I don’t doubt that many people believe that guns will keep them safe from the threats and dangers of the unknown in this world.  I do know, from a lifetime of reading the Bible, that this belief is an illusion.  Human life is fragile and finite.  In one sense, we are never safe.  We are all vulnerable.  We are all mortal. If your definition of safety entails living forever without any suffering at all, I’m sorry to tell you you’re out of luck.
But in another sense we are in luck—we are deeply safe, we are all finally OK.  And that is because there is one who watches over us, who is our shade at our right hand, so that the sun shall not strike us by day or the moon by night.  That one watches over our going out and our coming in from this time forth for evermore. That one is with you even in your fragility, your mortality, your loss and your pain.  That one’s love for you is finally more real and more powerful than anything else that might assail you.

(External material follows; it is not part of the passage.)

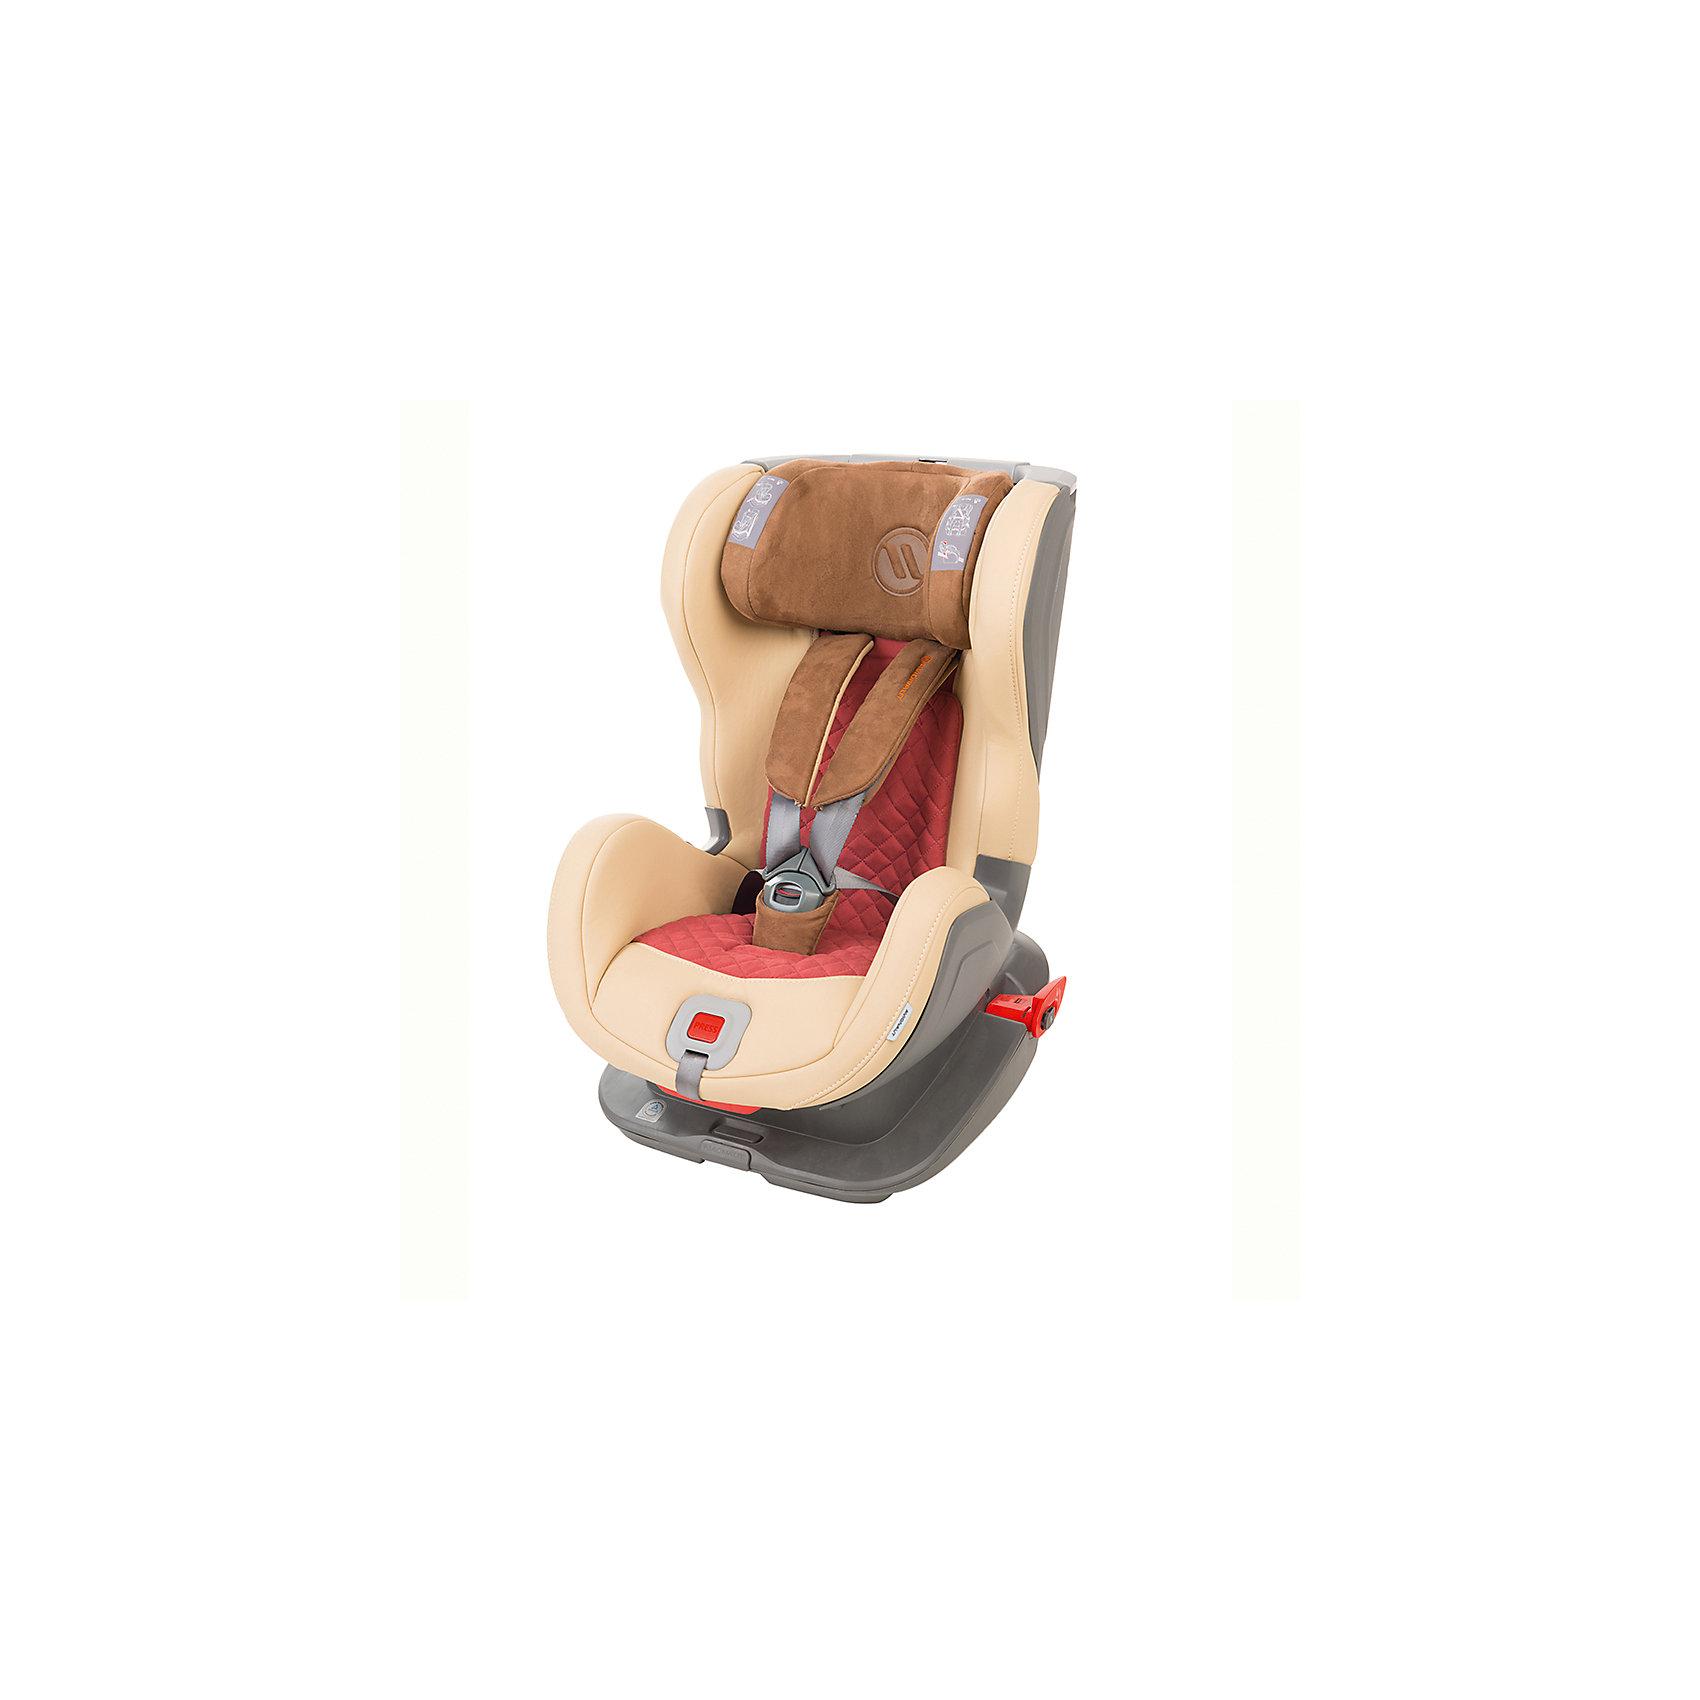 Автокресло Avionaut GLIDER ROYAL, 9-25кг, бежевый/т.красный/коричневый

Both together and individually, we hold on to those two truths of the Gospel. We will always be vulnerable, and we will always be safe. Our guns will not save us.  Our power will not save us.  Our things will not save us.  The only thing that will save us is the one who came among us in love to assure us that God so loves the world that we all might have eternal life.  You lift up your eyes to the hills:  where does your help come from?  It comes from God, the maker of heaven and earth.
As we move together through Lent, let’s remember that its real destination is Easter, the ultimate celebration of God’s love for the world and for you and me. Let us use this season to let go of clinging to the things that won’t save us and to turn to the one who will.  Easter, like baseball, really will eventually arrive.  And when it does, may we all be ready to begin to take in the depth of our safety in the one who so loved the world that he came among us so that we might not perish but have eternal life.  Amen.